2.3. Proof of identity 3
Following similar steps as above gives \[\label{2nH2n1}
\sum_{n=1}^{\infty}\dfrac{2^nH_{2n}}{n^2\binom{2n}{n}}=-\,4\int_0^{\pi/4}z\log\left(1-\sqrt{2}\sin z\right)\mathrm{d}z.\]
Now some routine trigonometric substitutions and simple manipulations
yield \[\begin{aligned}
&\int_0^{\pi/4}z\log\left(1-\sqrt{2}\sin z\right)\mathrm{d}z\\&=\int_0^{\pi/4}z\log\left(\cos
2z\right)\mathrm{d}z-\int_0^{\pi/4}z\log\left(1+\sqrt{2}\sin
z\right)\mathrm{d}z
\\&=\dfrac{1}{2}\int_0^{\pi/4}z\log\left(\cos
2z\right)\mathrm{d}z+\dfrac{1}{2}\int_{-\pi/4}^{\pi/4}z\log\left(1-\sqrt{2}\sin
z\right)\mathrm{d}z
\\&=\int_0^{\pi/4}\left[\left(\dfrac{\pi}{4} –
2z\right)\log\left(2\sqrt{2}\right) + \dfrac{z}{2}\log\left(\cos
2z\right)-\dfrac{1}{4}\,\pi\log\left(\cot z\right) – 2z\log\left(\tan
z\right)\right]\mathrm{d}z
\\&=\dfrac{1}{2}\int_0^{\pi/4}z\log\left(\cos
2z\right)\mathrm{d}z – \dfrac{\pi}{4}\int_0^{\pi/4}\log\left(\cot
z\right)\mathrm{d}z – 2\int_0^{\pi/4}z\log\left(\tan z\right)\mathrm{d}z
\\&=\dfrac{1}{8}\int_0^{\pi/2}z\log\left(\cos
z\right)\mathrm{d}z – \dfrac{\pi}{4}\int_0^{\pi/4}\log\left(\cot
z\right)\mathrm{d}z – 2\int_0^{\pi/4}z\log\left(\tan z\right)\mathrm{d}z
\\&=-\dfrac{7}{128}\,\zeta(3)-\dfrac{7}{8}\,\zeta(3)-\dfrac{3}{32}\,\zeta(2)\log2+\dfrac{\pi
G}{2}-\dfrac{\pi G}{4}
=-\dfrac{119}{128}\,\zeta(3)-\dfrac{3}{32}\,\zeta(2)\log2+\dfrac{\pi
G}{4},
\end{aligned}\] where we have simply used the fact that \[\int_0^{\pi/4}z\log\left(\tan z\right)\mathrm{d}z
= \dfrac{7}{16}\,\zeta(3)-\dfrac{\pi G}{4}, \quad
\int_0^{\pi/2}z\log\left(\cos z\right)\mathrm{d}z =
-\dfrac{7}{16}\,\zeta(3) -\dfrac{3}{4}\,\zeta(2)\log2,\] and the
integral representation of Catalan’s constant, that is \[G=\int_0^{\pi/4}\log\left(\cot
z\right)\mathrm{d}z.\] Therefore, putting all things together
gives us the desired result.
2.4. Proof of identity 4
Using the series exansion 5, we get \[\sum_{n=1}^{\infty}\dfrac{H_{2n}}{n^2\binom{2n}{n}}=-4\int_0^{\pi/6}z\log\left(1-2\sin\left(z\right)\right)\mathrm{d}z.\]
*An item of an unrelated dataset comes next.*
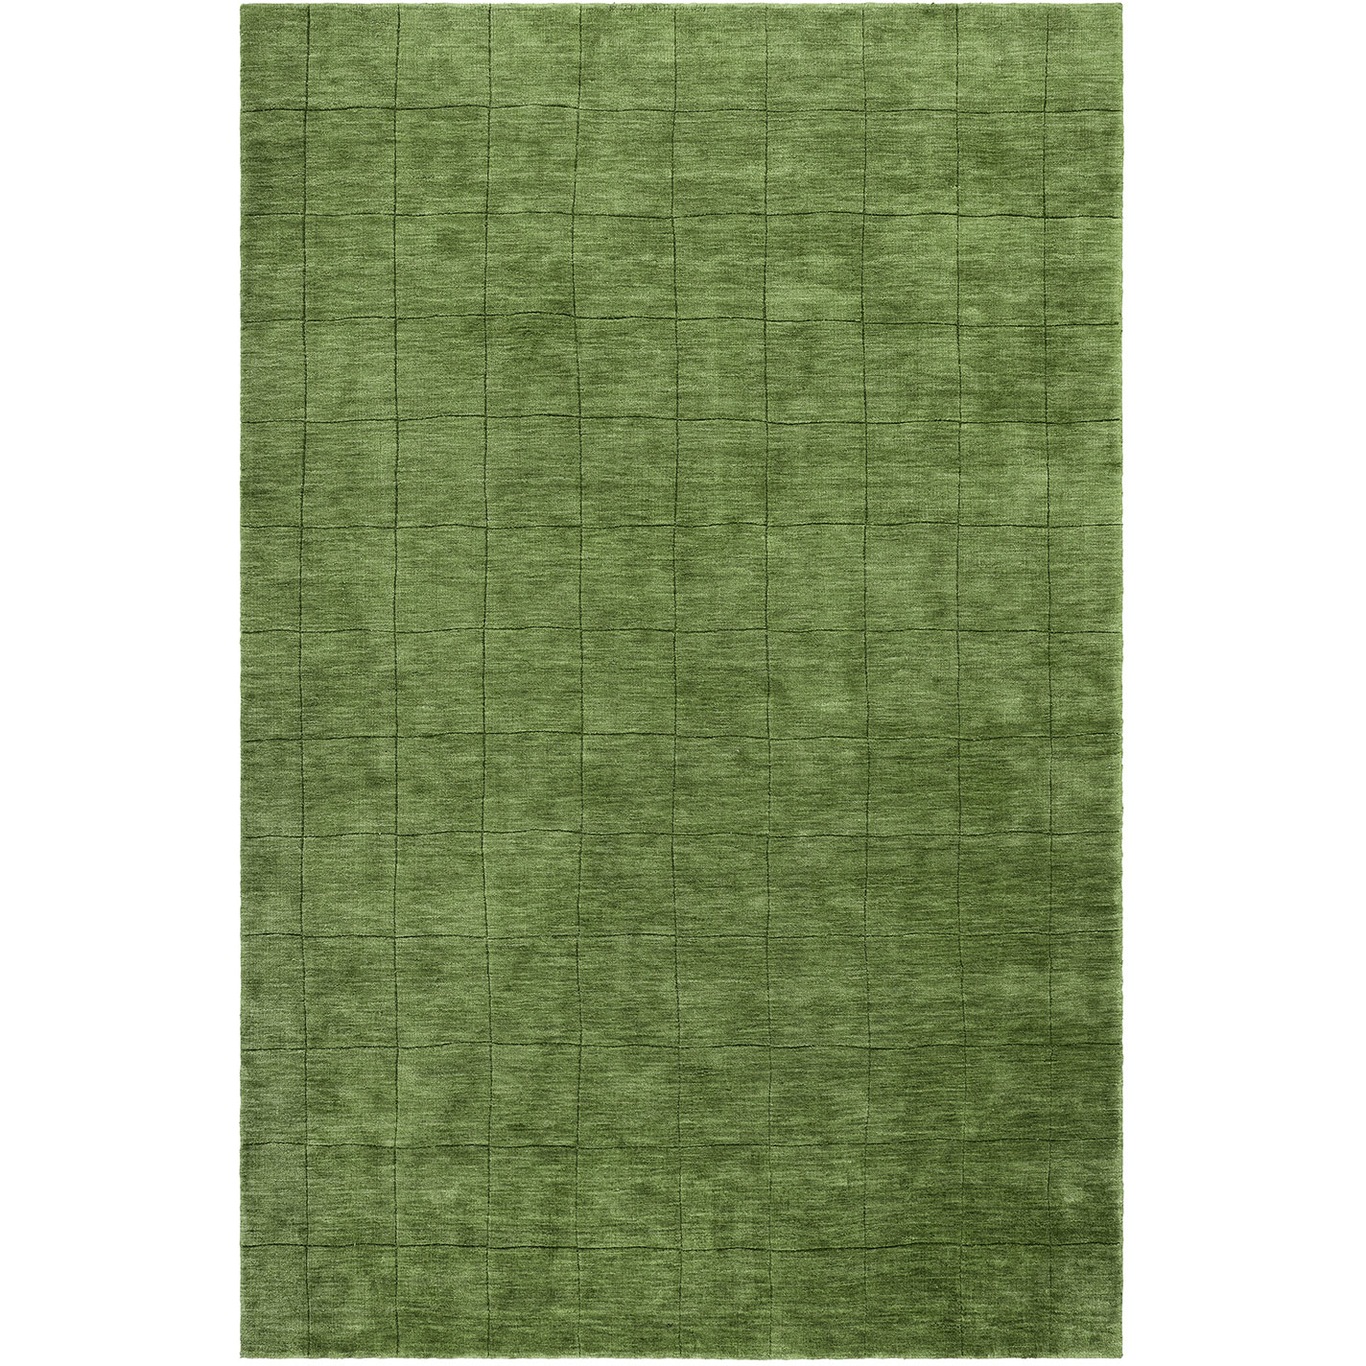 Nari Teppich Cactus Green, 170x240 cm
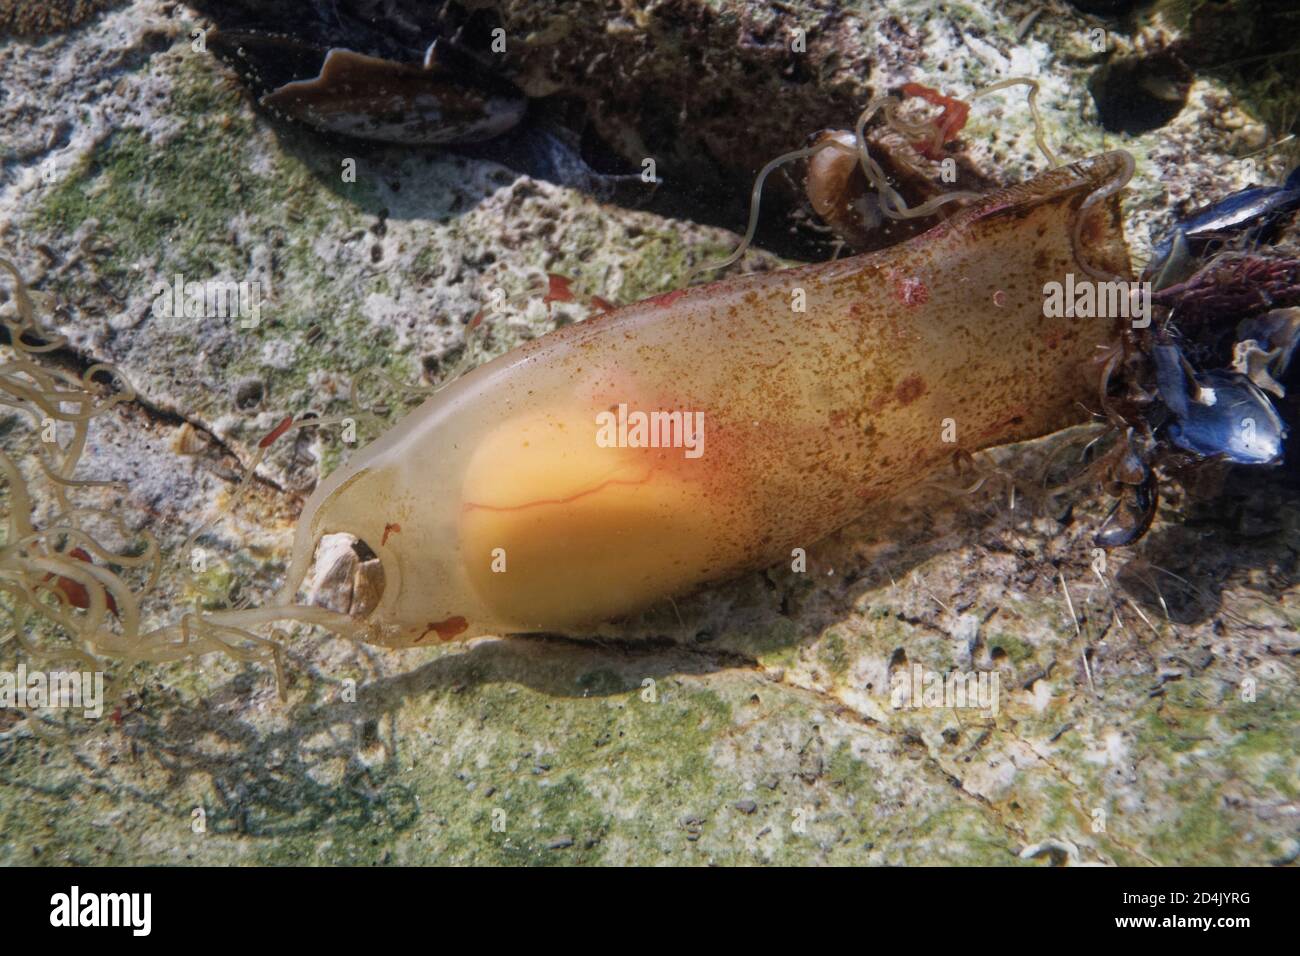 Sac à œufs Mermaid's sac de petit requin-chat tacheté / Dogfish (Scyliorhinus canicula) dans un rockpool avec le développement de jeunes poissons et le jaune visible à l'intérieur Banque D'Images

Now following the same steps as we did above for a similar integral
yields \[\int_0^{\pi/6}z\log\left(1-2\sin
z\right)\mathrm{d}z=\dfrac{17}{36}\,\zeta(3)- \dfrac{\pi}{36\sqrt{3}}\left(\psi^{\left(1\right)}\left(\dfrac{1}{3}\right)
– \psi^{\left(1\right)}\left(\dfrac{2}{3}\right)\right).\]
Combining all things together gives us the desired result.